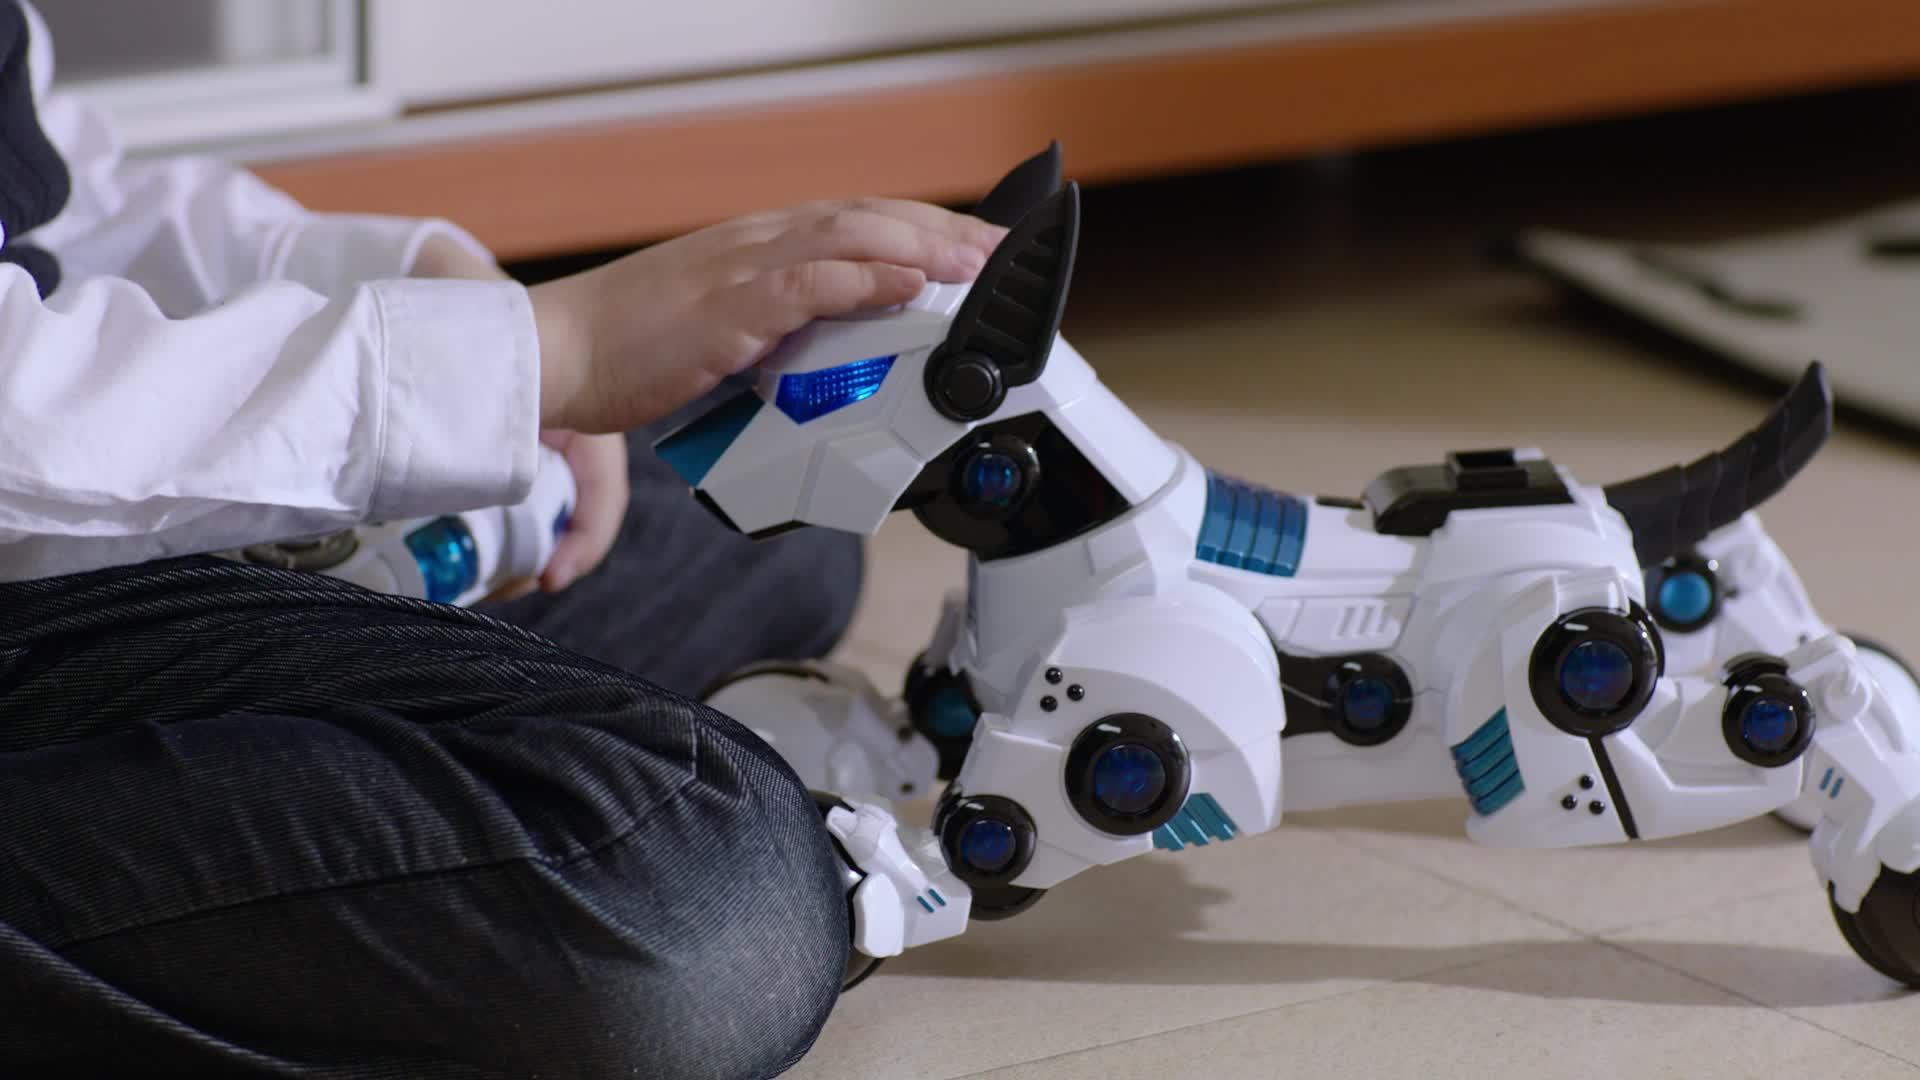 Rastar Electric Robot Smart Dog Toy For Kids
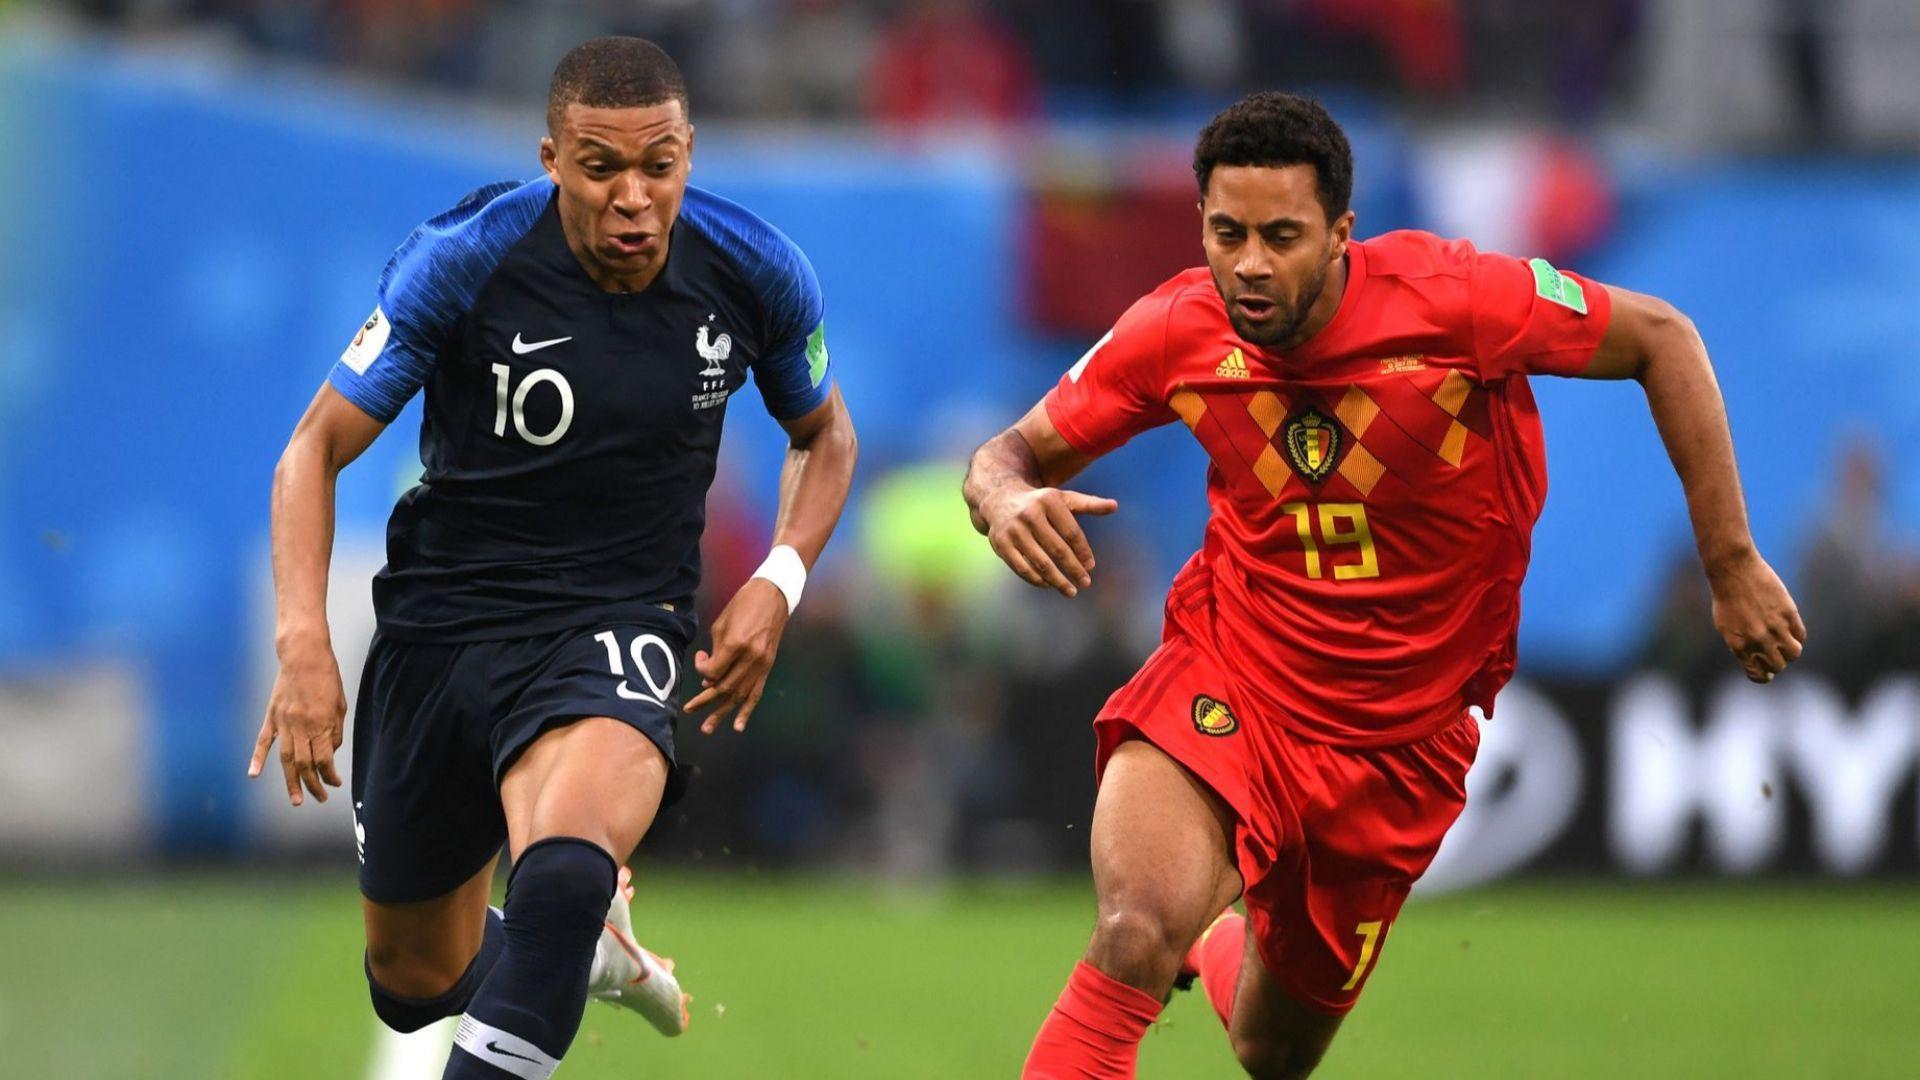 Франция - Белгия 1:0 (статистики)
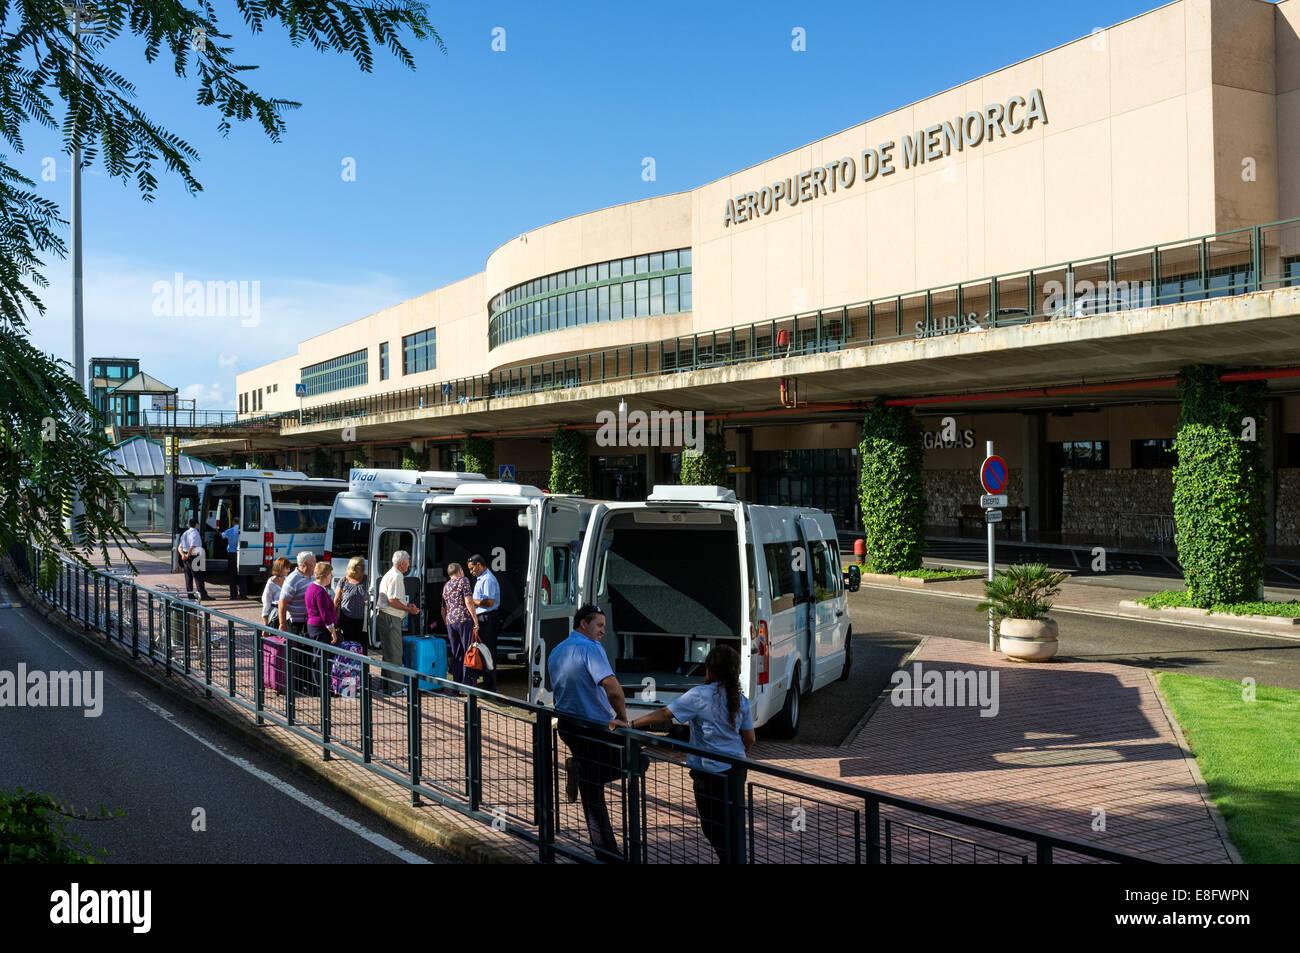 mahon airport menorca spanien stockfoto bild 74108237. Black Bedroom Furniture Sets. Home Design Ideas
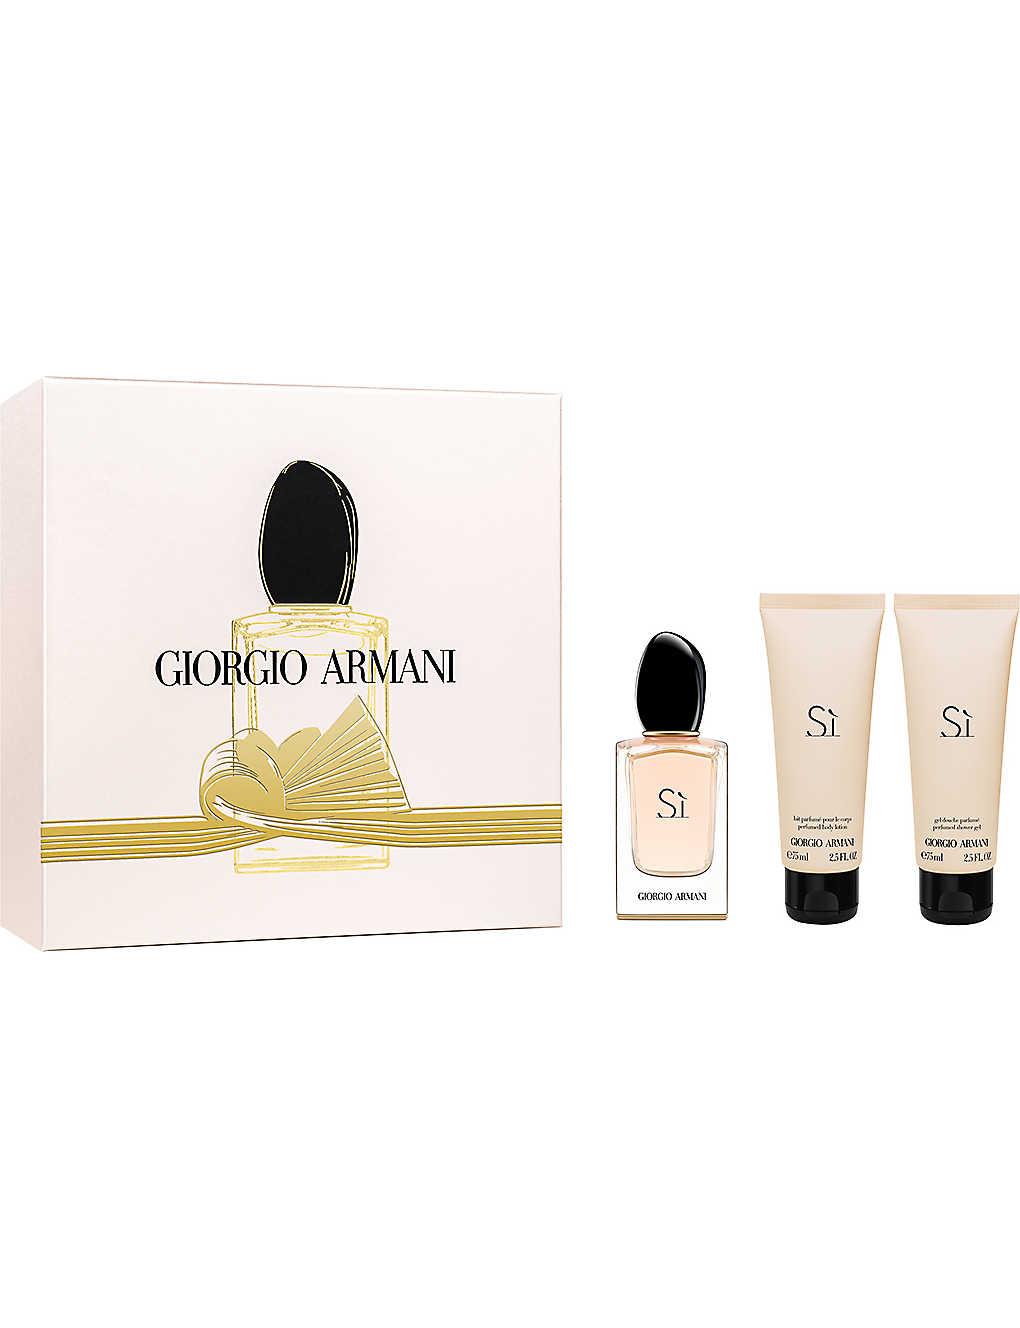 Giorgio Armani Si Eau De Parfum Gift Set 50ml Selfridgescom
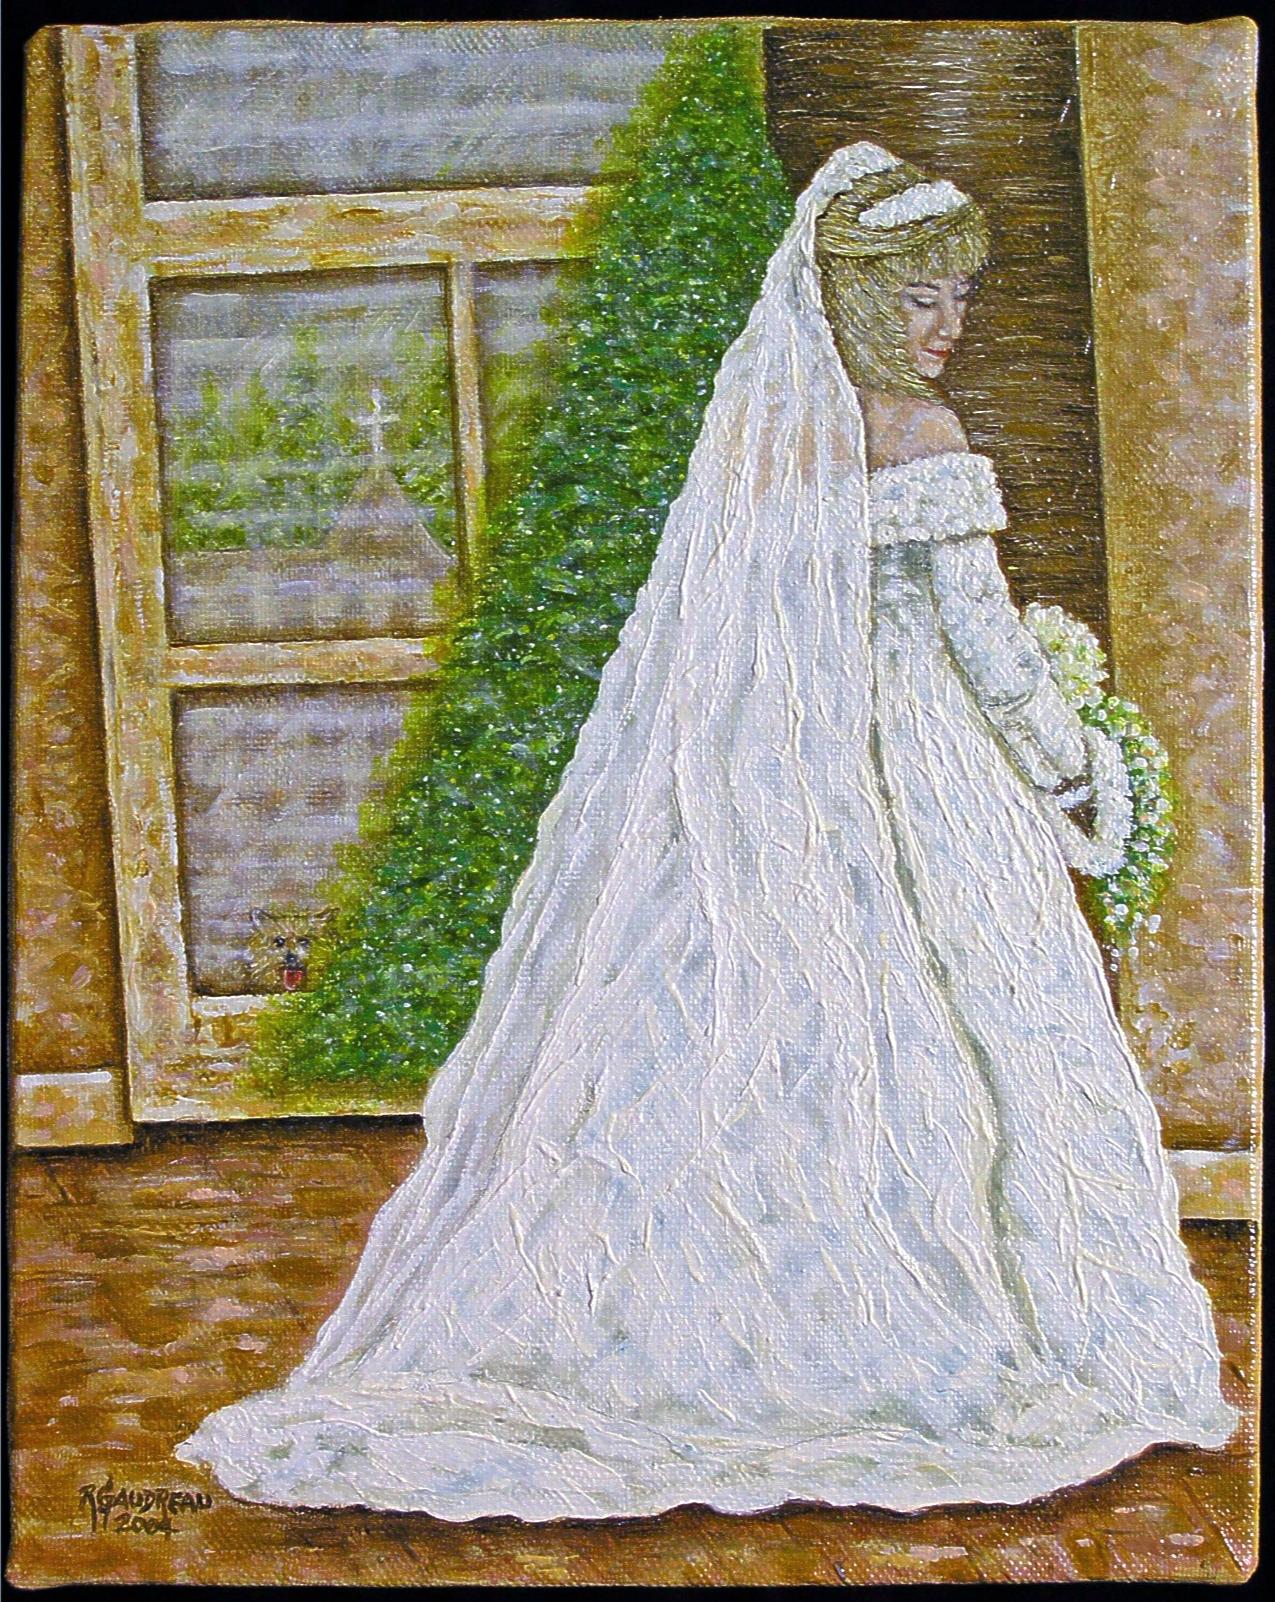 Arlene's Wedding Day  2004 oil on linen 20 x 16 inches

— Aim of the task —
Copy every record exactly as it appears, apart from any pictures.

— Written solution —
 Rastar Electric Robot Smart Dog Toy For Kids
 Франция - Белгия 1:0 (статистики)
 mahon airport menorca spanien stockfoto bild 74108237. Black Bedroom Furniture Sets. Home Design Ideas
 Giorgio Armani Si Eau De Parfum Gift Set 50ml Selfridgescom
 Arlene's Wedding Day  2004 oil on linen 20 x 16 inches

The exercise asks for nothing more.